The concept of systemic or institutional racism is used to describe situations where what appear to be ‘facially neutral’ laws, policies and practices operate in an uneven or unfair manner that is detrimental to Indigenous people. Or put more simply where “supposedly fair and universal criteria” become a means of maintaining asymmetric power relationships.
Systemic racism in this sense is not about whether individuals hold racist views but about the uneven impact of laws, policies or practices. Put another way, systemic racism can to some extent be measured by outcomes and results rather than intentions. Policies might not be racist in intent, but might have racist outcomes.
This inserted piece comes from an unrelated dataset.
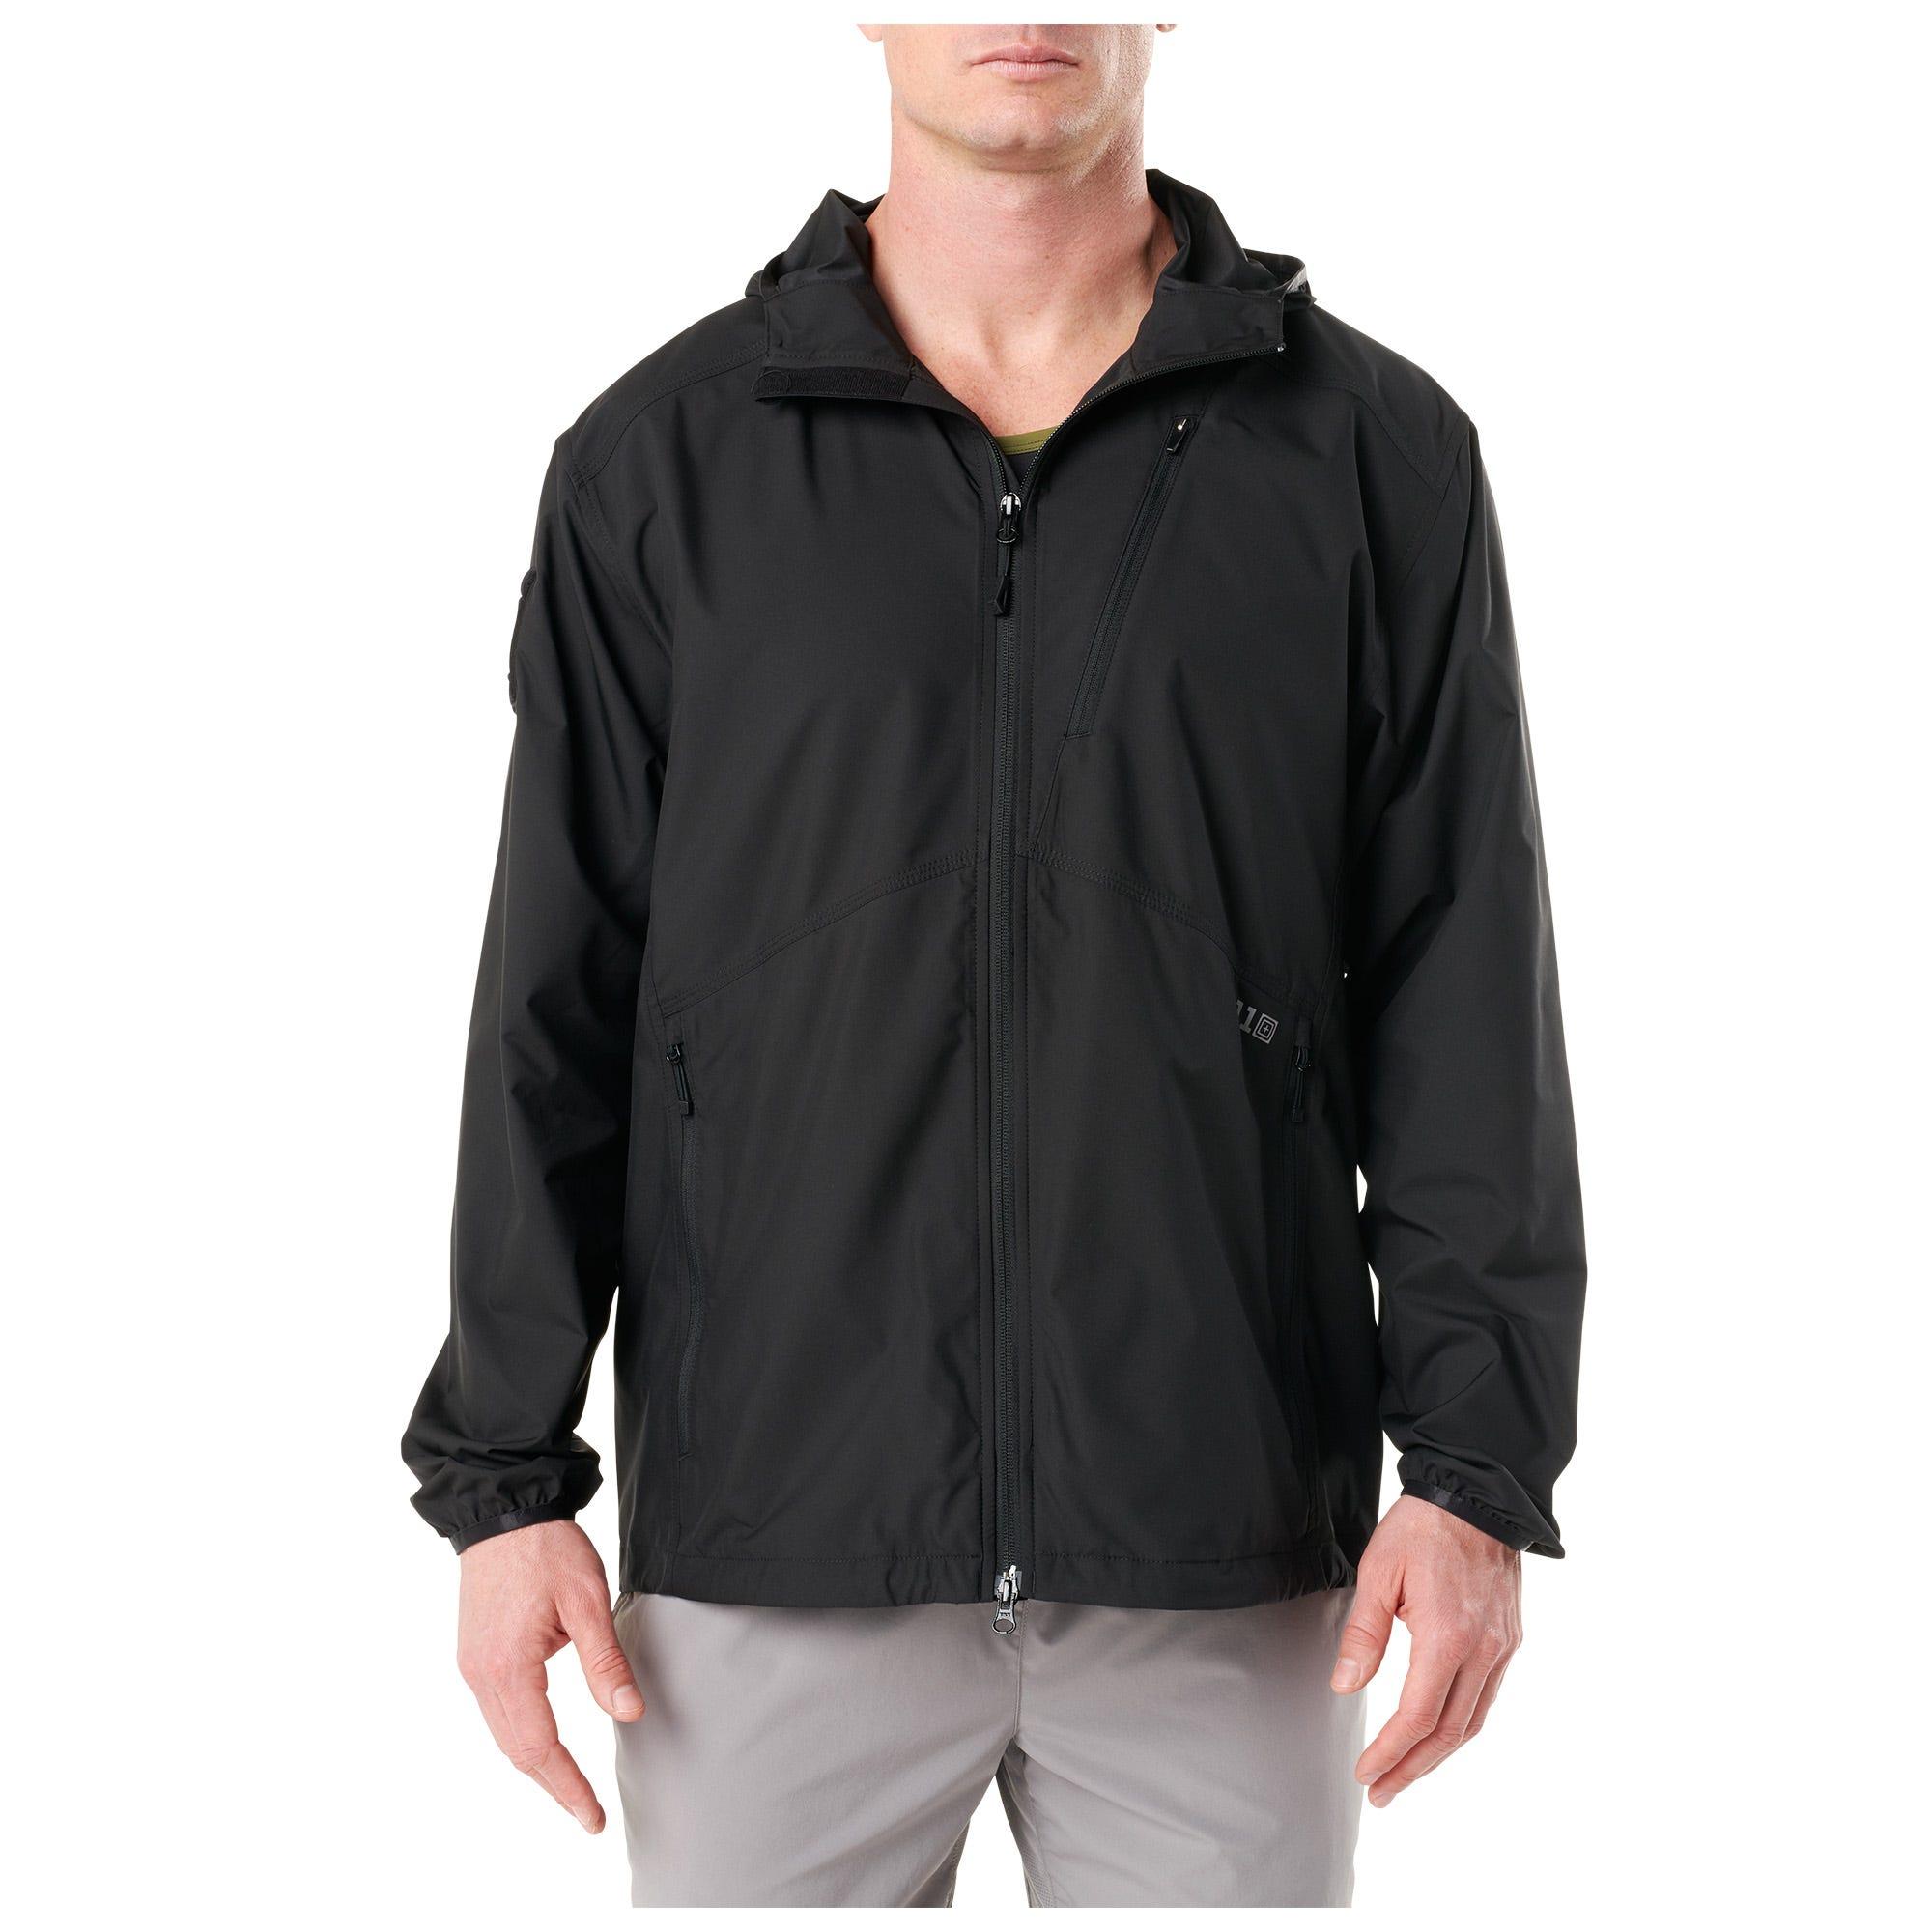 5.11 Tactical Men Cascadia Windbreaker Packable Jacket (Green)

It may be, for example, that innovations that are beneficial to the majority do not meet the needs of the minority. This may be the case when (even well intentioned reforms) are “difference blind” and fail to take account of cultural factors, leading to outcomes that reinforce, rather than reduce inequality: criminologists refer to these as the “unintended consequences” of intervention. The best way to understand this is, perhaps, through some examples and some questions/ issues:
Western Australia’s three strikes home burglary laws prescribe a minimum of 12 months detention / imprisonment for a third home burglary strike. In theory, the laws apply to all offenders but they have the greatest impact on juveniles (as most adults would have faced at least 12 months under normal sentencing principles). 80% of all the children who have been caught are Indigenous; of those aged under 14, 100% are Indigenous; and a disproportionate number are from regional and remote areas. Capturing these groups may not have been the intention – indeed the laws were enacted against a backdrop of concern about urban “home invasion”, not stealing for food in remote outback towns. The Northern Territory abolished its Mandatory Sentencing regime in 2001, due, in large part, to concerns about its impact on Indigenous imprisonment. Sentencing practices which remove judicial discretion tend to discriminate against minority, marginal and Indigenous peoples .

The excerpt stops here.